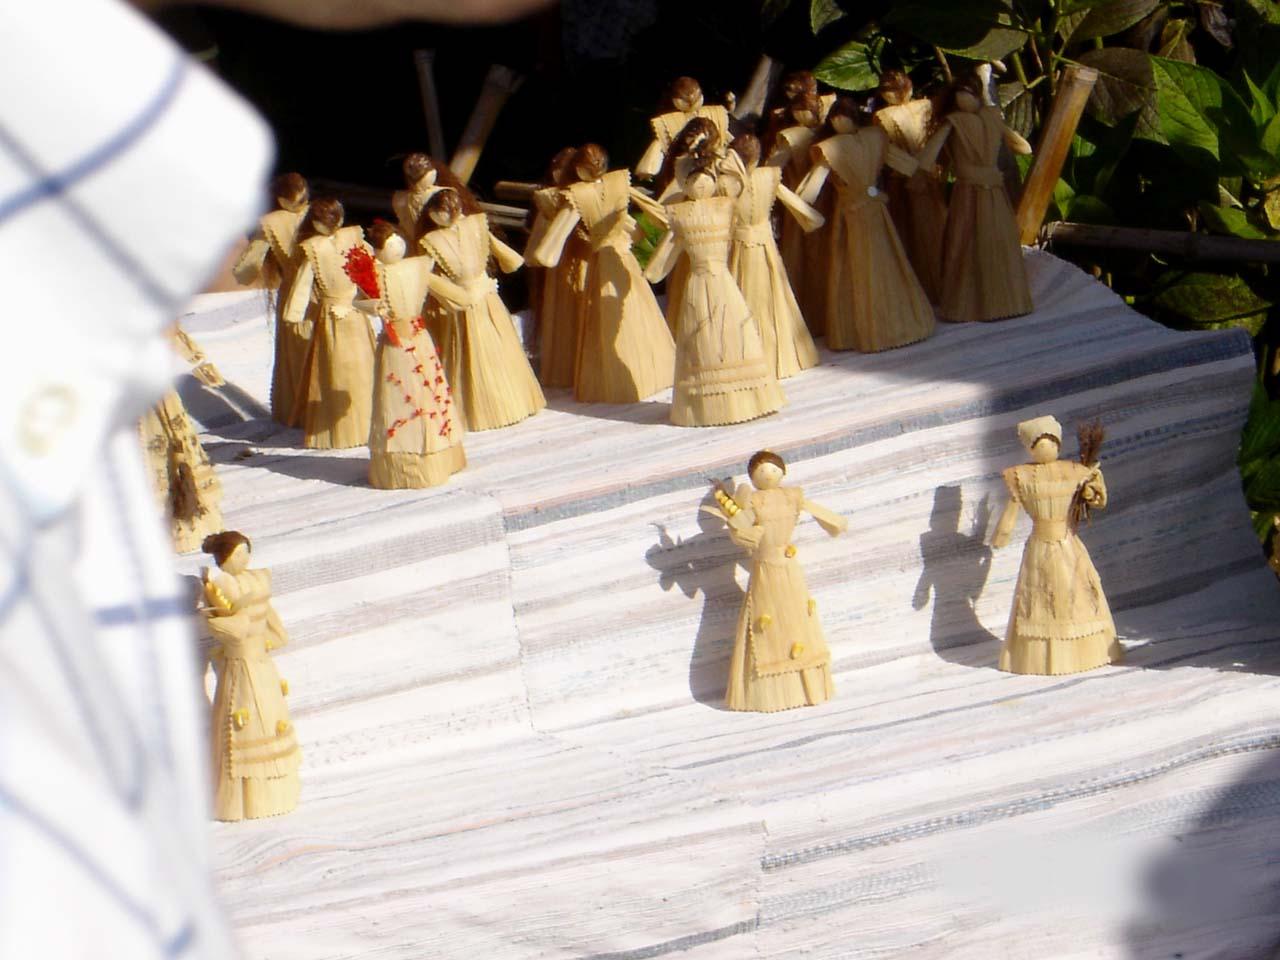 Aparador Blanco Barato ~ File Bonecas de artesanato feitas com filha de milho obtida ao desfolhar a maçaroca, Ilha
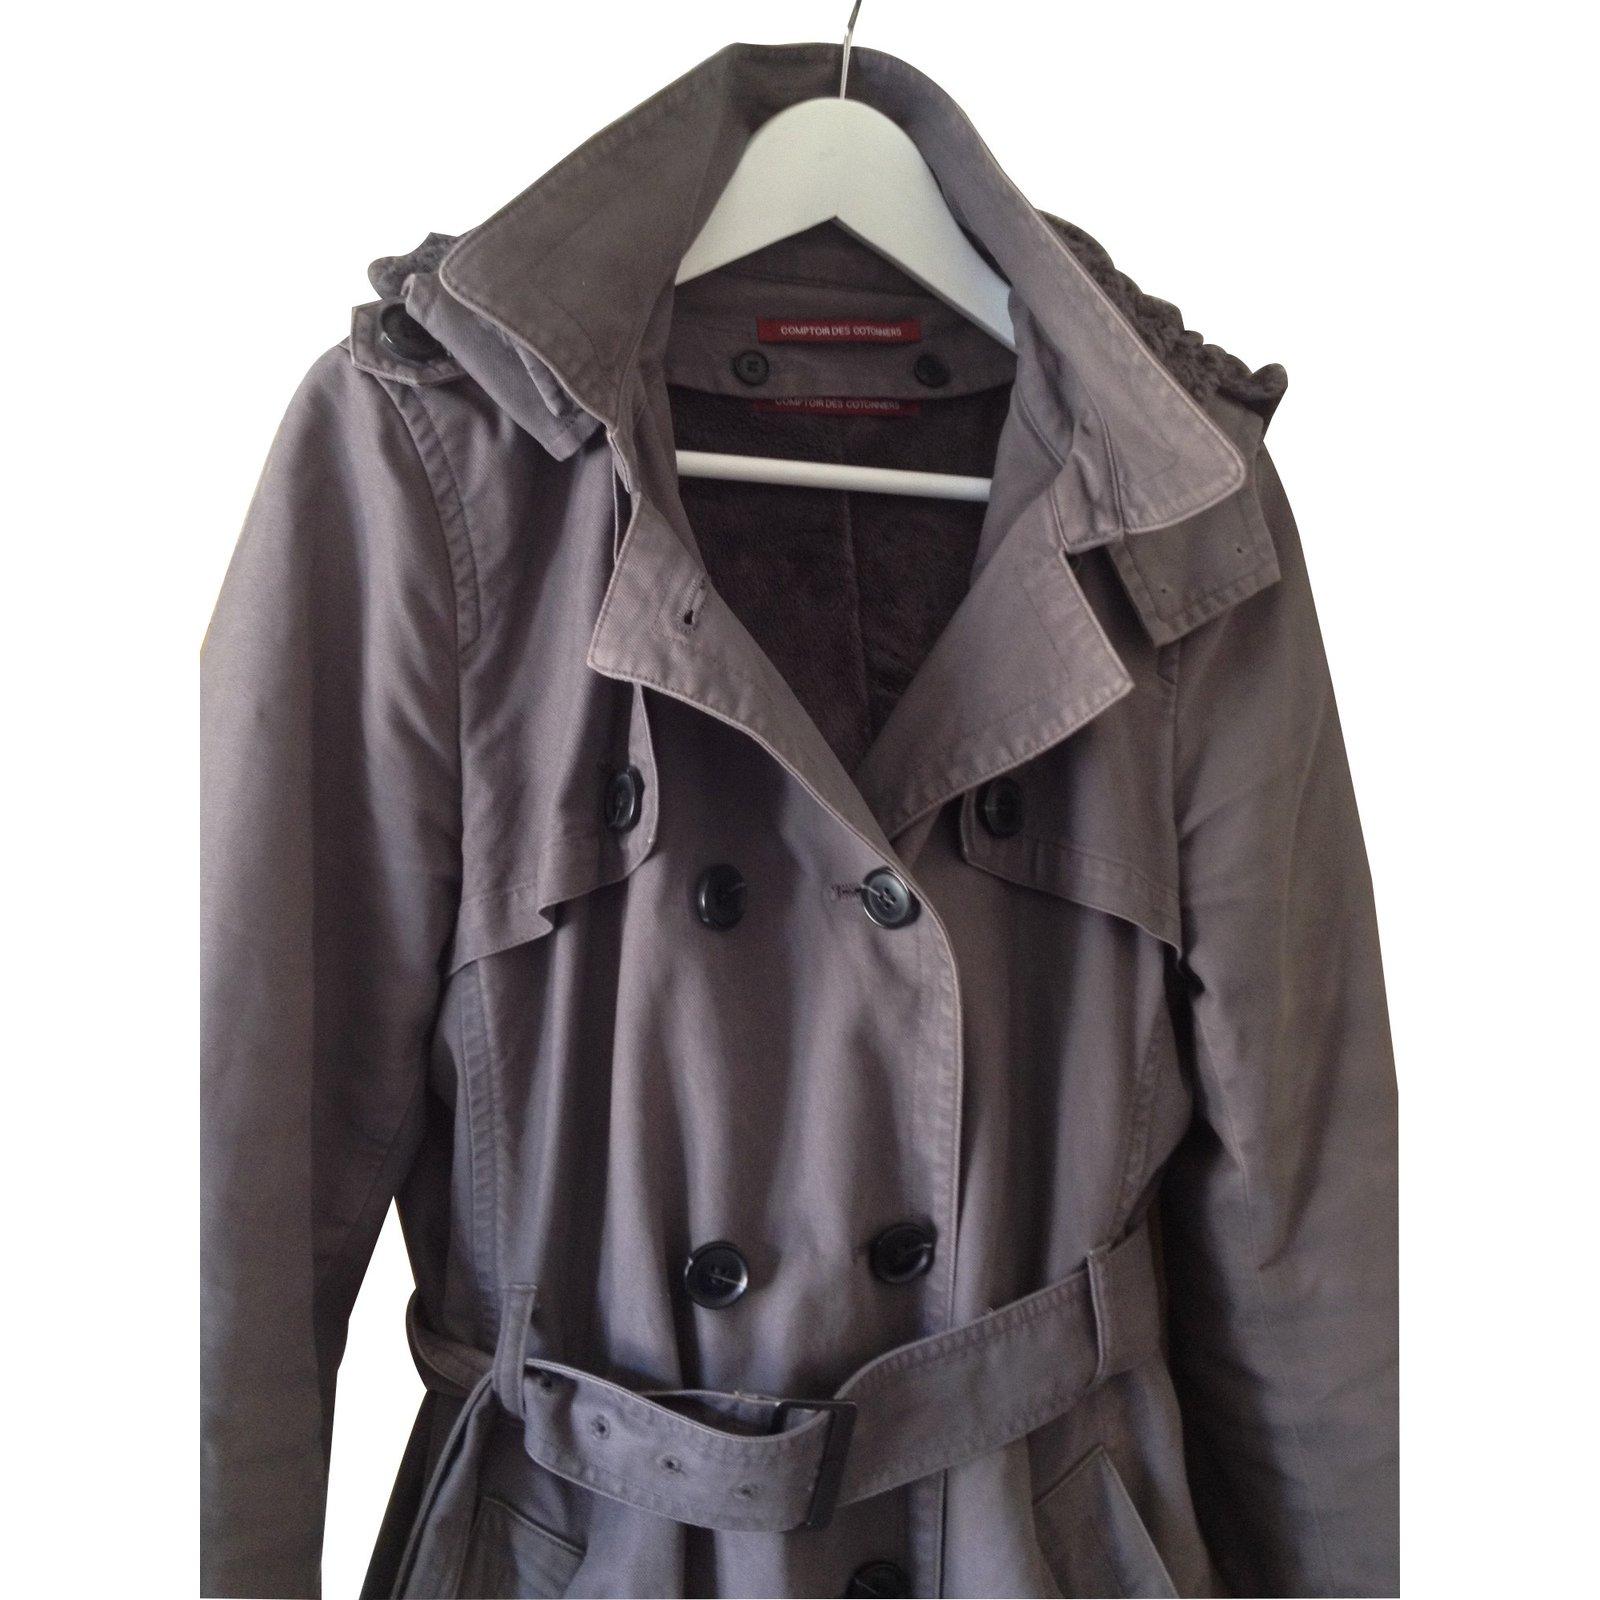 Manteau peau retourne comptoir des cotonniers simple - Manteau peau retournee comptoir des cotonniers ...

...

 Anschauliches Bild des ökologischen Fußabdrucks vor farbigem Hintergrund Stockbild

* * *

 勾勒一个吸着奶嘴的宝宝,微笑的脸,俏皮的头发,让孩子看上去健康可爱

* EXERCISE GOAL: Leaving out all pictures, set down exactly the lines of the material above, from the line with "Aparador Blanco Barato" to the line with "Manteau peau retourne comptoir" inclusive, and no others.

* RESPONSE:
 Aparador Blanco Barato ~ File Bonecas de artesanato feitas com filha de milho obtida ao desfolhar a maçaroca, Ilha
 Manteau peau retourne comptoir des cotonniers simple - Manteau peau retournee comptoir des cotonniers ...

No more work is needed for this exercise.